▽

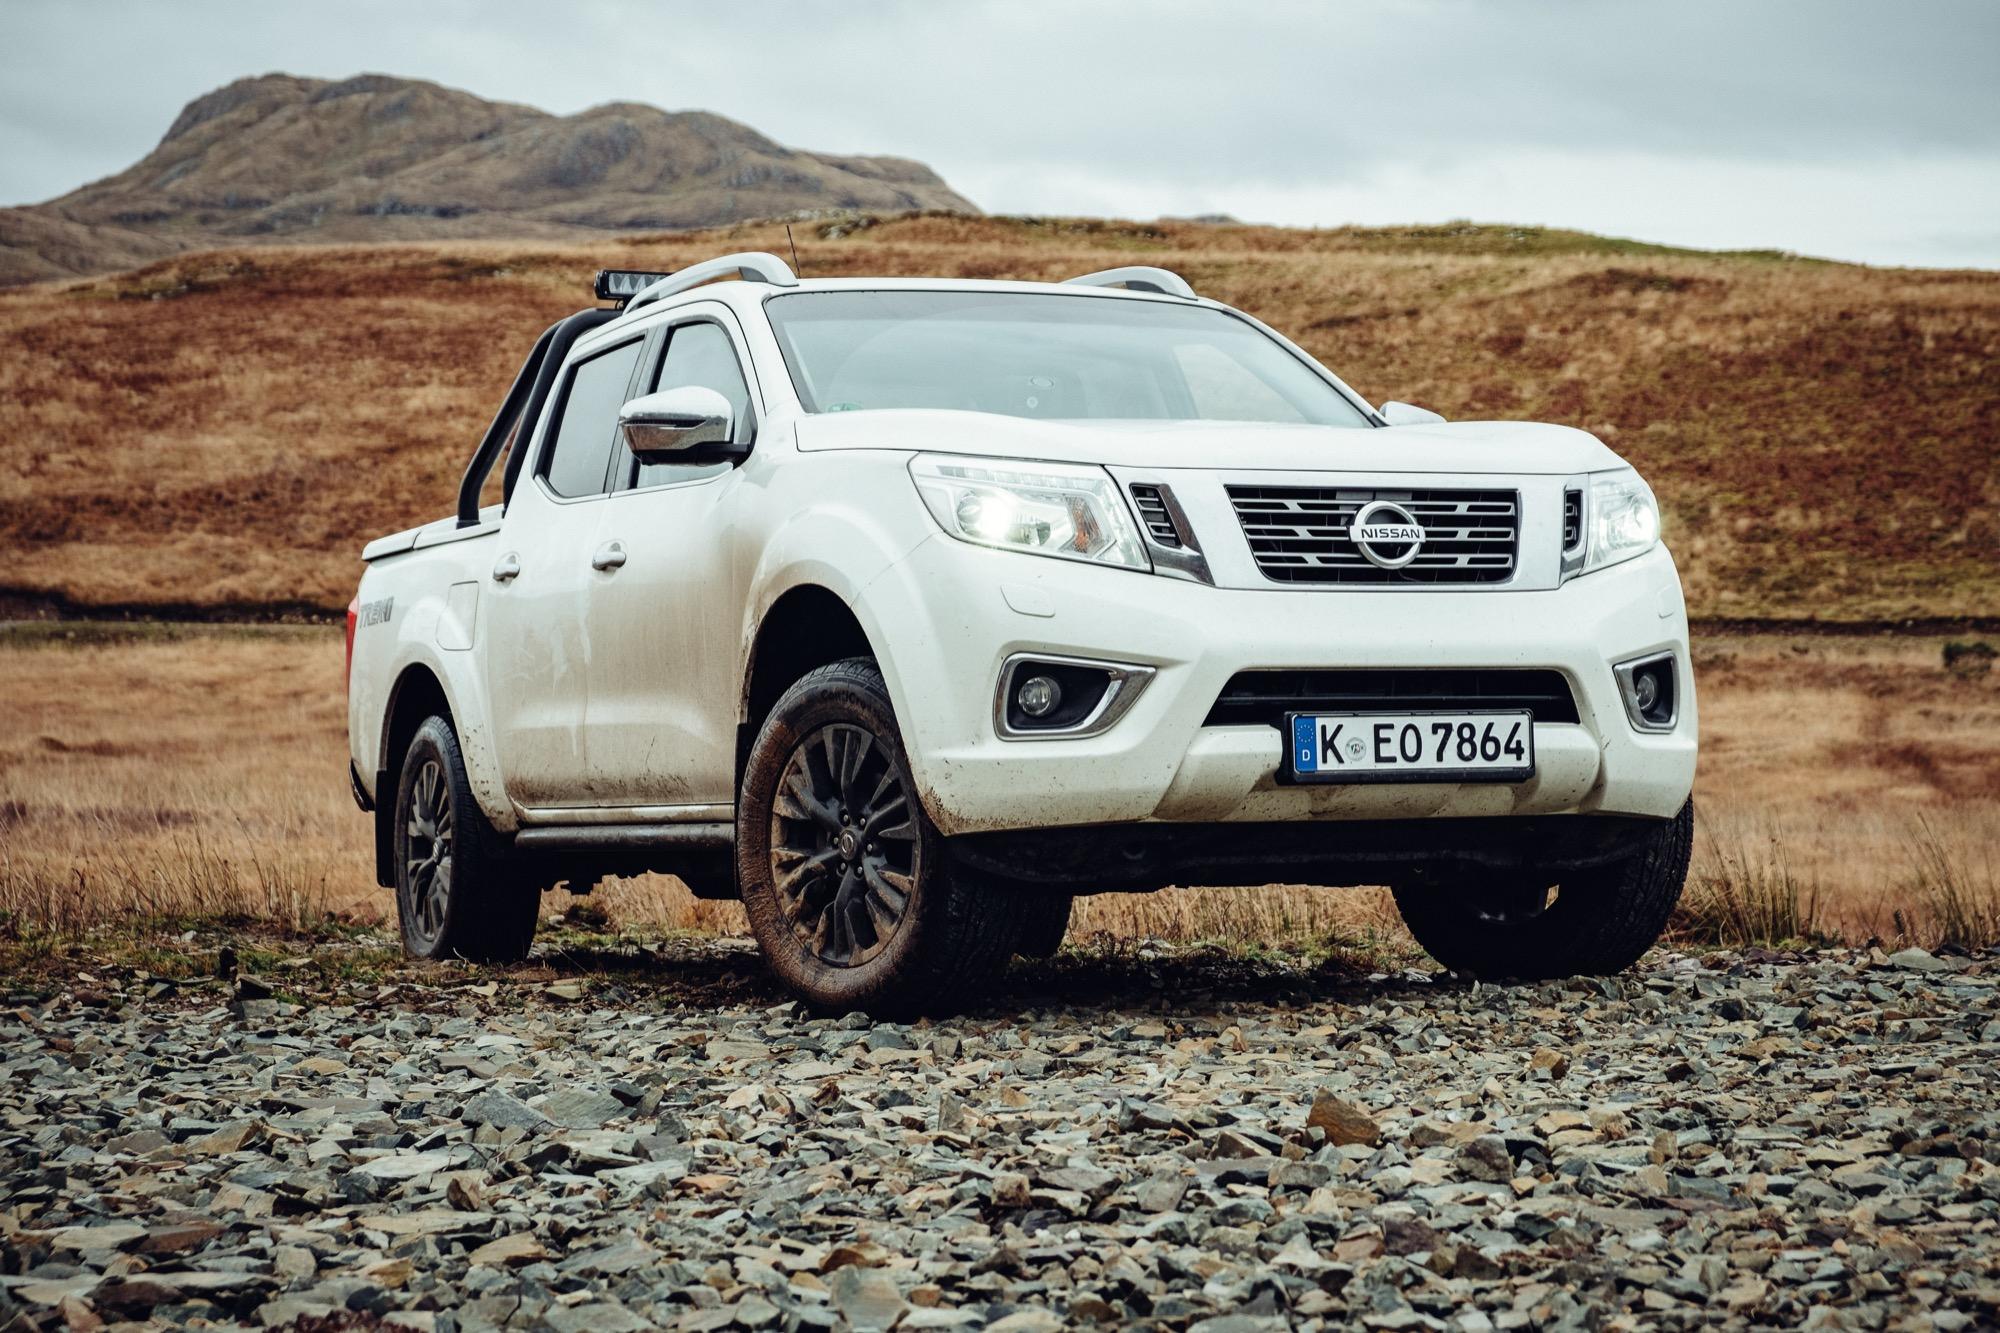 Nissan Navara Trek-1° Ergebnisse der JÄGER Testreise 2017 jagen ins Schottland hunting highlands westhighlandhunting JÄGERMAGAZIN Swarovski
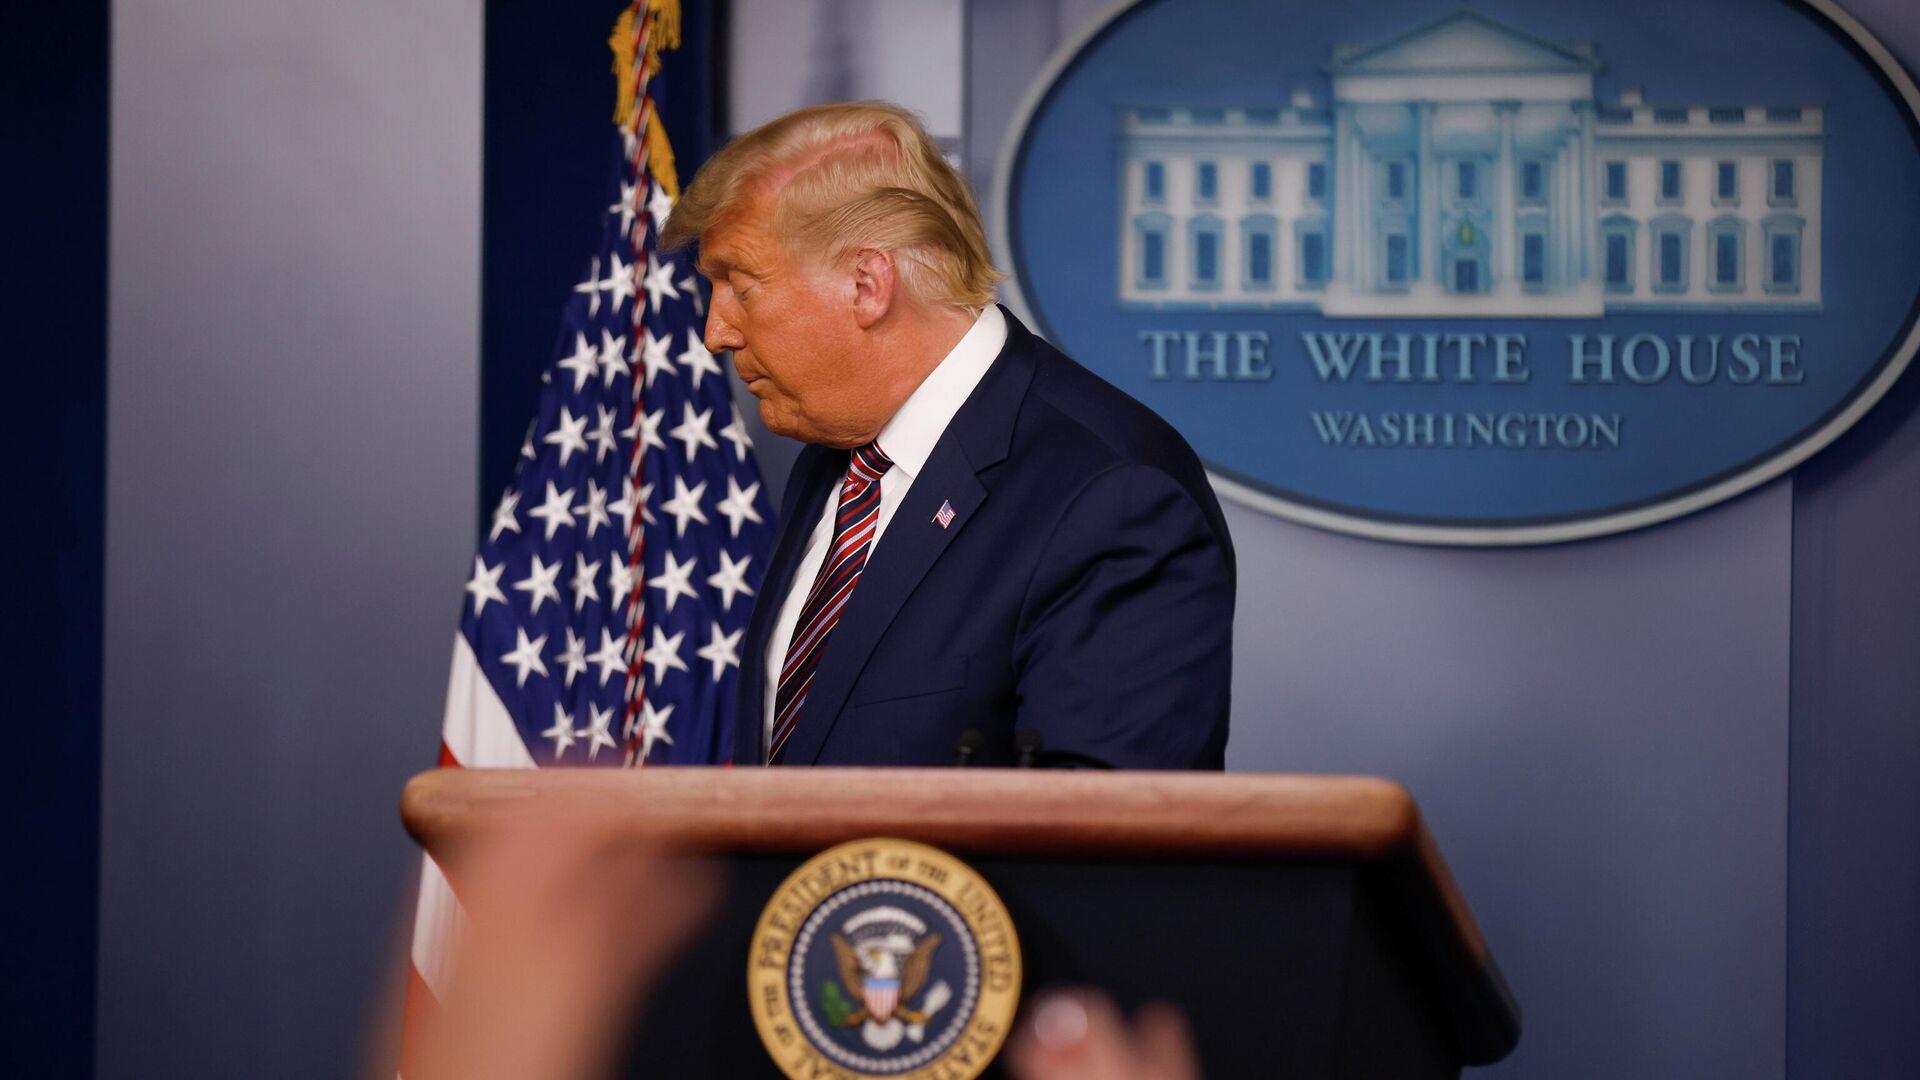 Президент США Дональд Трамп во время выступления в Белом доме в Вашингтоне - РИА Новости, 1920, 09.11.2020
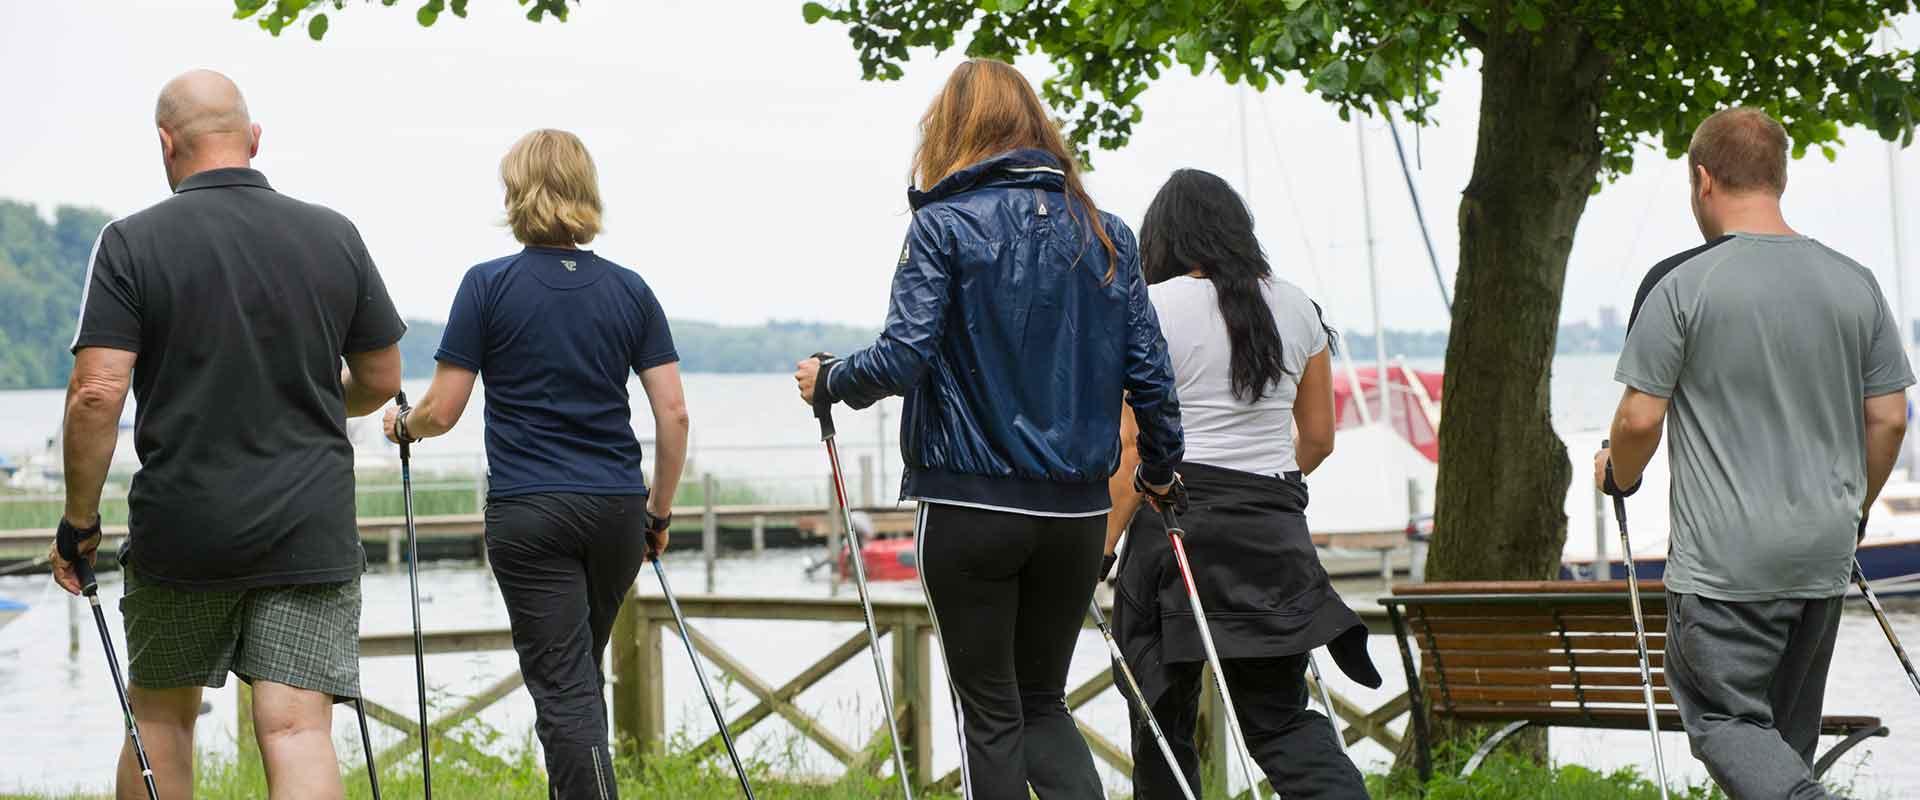 Spaziergang entlang des Schweriner Sees der MEDIAN Klinik Schweriner See

△

[ASSIGNED TASK] Reproduce every line above exactly as written, omitting the images.

[TASK RESULT]
 Nissan Navara Trek-1° Ergebnisse der JÄGER Testreise 2017 jagen ins Schottland hunting highlands westhighlandhunting JÄGERMAGAZIN Swarovski
 Президент США Дональд Трамп во время выступления в Белом доме в Вашингтоне - РИА Новости, 1920, 09.11.2020
 Spaziergang entlang des Schweriner Sees der MEDIAN Klinik Schweriner See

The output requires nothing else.